# Moving to Japan, need suggestions on relocation companies



## Sardonicus

I lived in Japan years ago and will be moving back there from the US.

When I moved there I had a relo package, but it was a long time ago and I don't remember the company who did the relo.

I need to get some quotations, so far I have checked with Allied and am in the process of getting a quotation from International Van Lines. 

I used Santa Fe for 2 other international moves, again years ago, with positive and negative experiences with both, so I won't be using them again. 
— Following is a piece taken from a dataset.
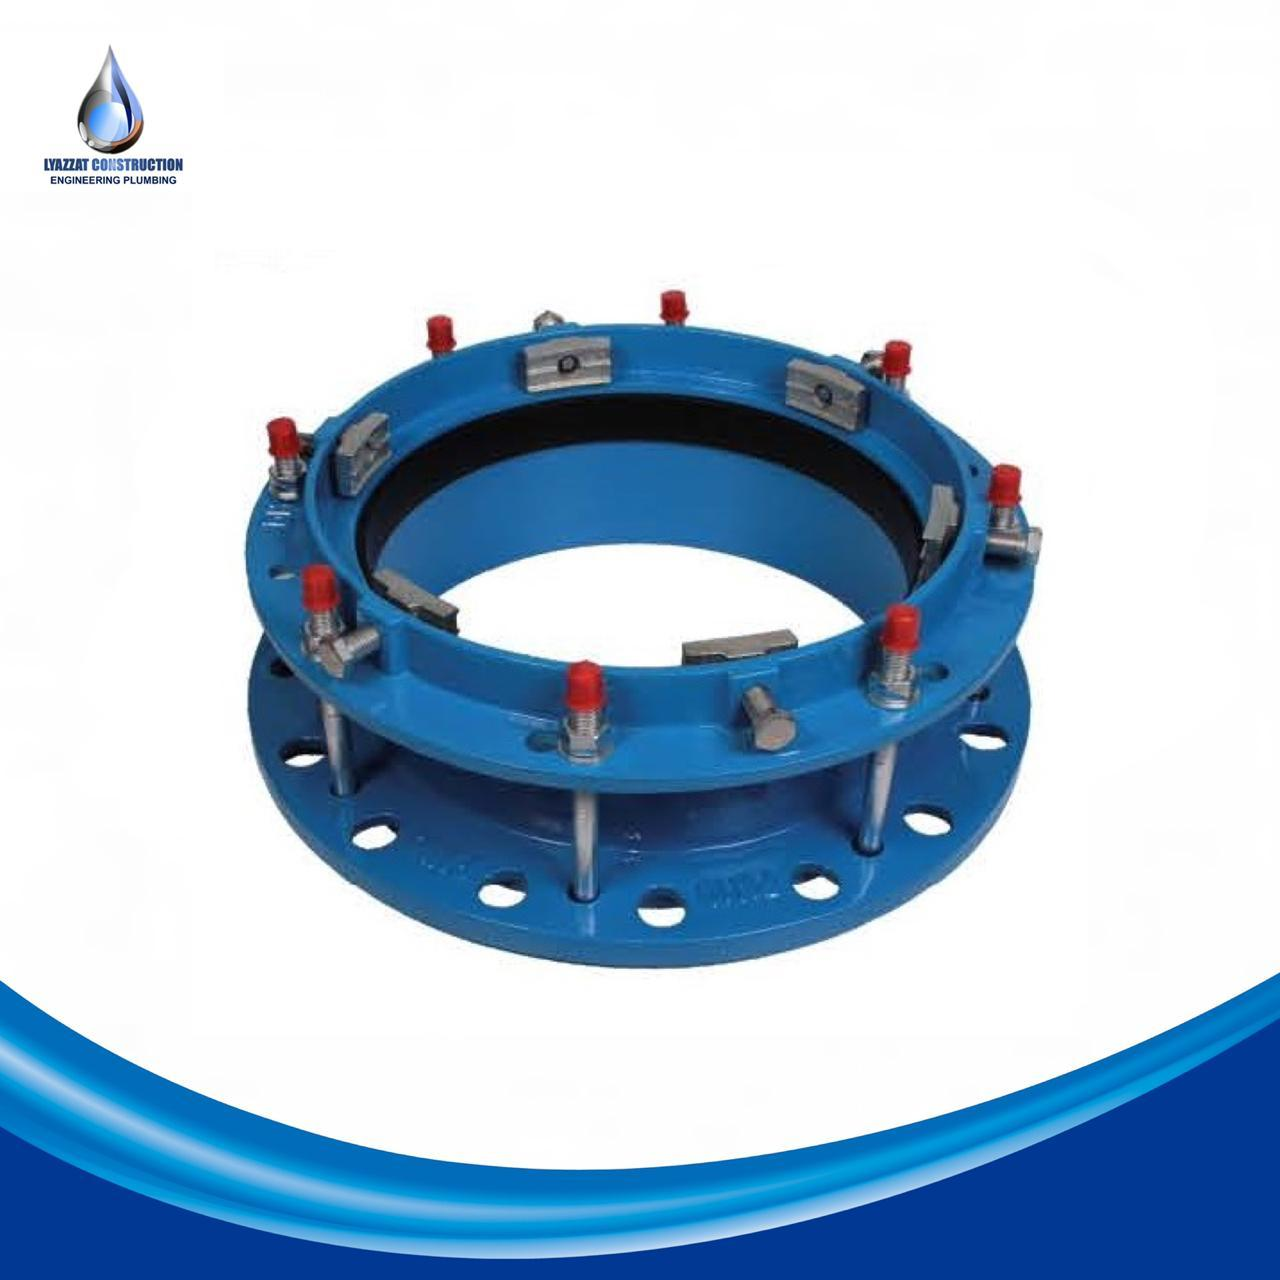 Фланец фиксирующий для ПЭ и ПВХ труб DN 200/250 PN10-16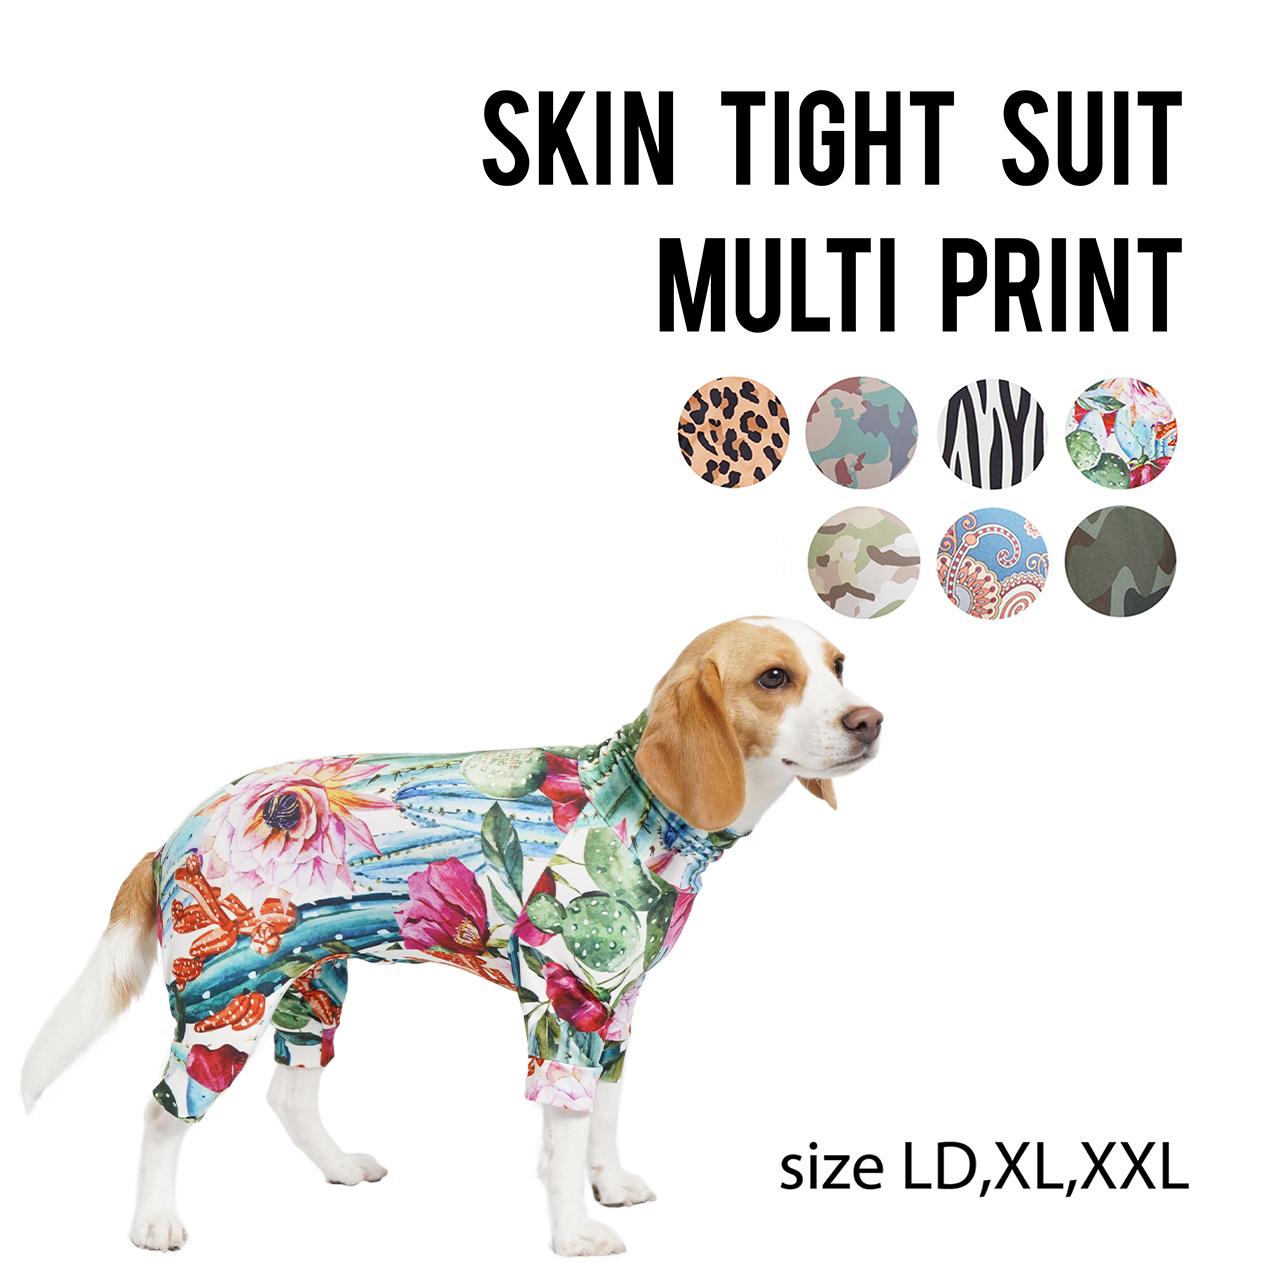 SKIN TIGHT SUIT MULTI PRINT(LD,XL,XXL) スキンタイトスーツマルチプリント

If anyone is using a relo company from the US to Japan I would be interested who you are using or used.


----------



## Donnezmoi

I don't know what you're planning on taking, but there is a very active market in used goods -- furniture, clothes, etc. -- is most Japanese cities. Arranging cartage could be a problem but ... in Japan there's always a way. So maybe don't take too much?


----------



## BC305

Nippon Express (Nittsu). Absolutely reliable and trustworthy. The only company I would trust with a household move to/from Japan. Door-to-door service...if they have an office that services your area. We have used them for household moves to/from Japan and commercial merchandise shipping and never had a single problem...excellent service.


----------



## 2022MadBiker

Yamato Transport is another. I'd stick with Nittsu or Yamato. When I moved from NJ to Japan, Nittsu sent an all Japanese crew to handle the larger furniture and they didn't break anything.


----------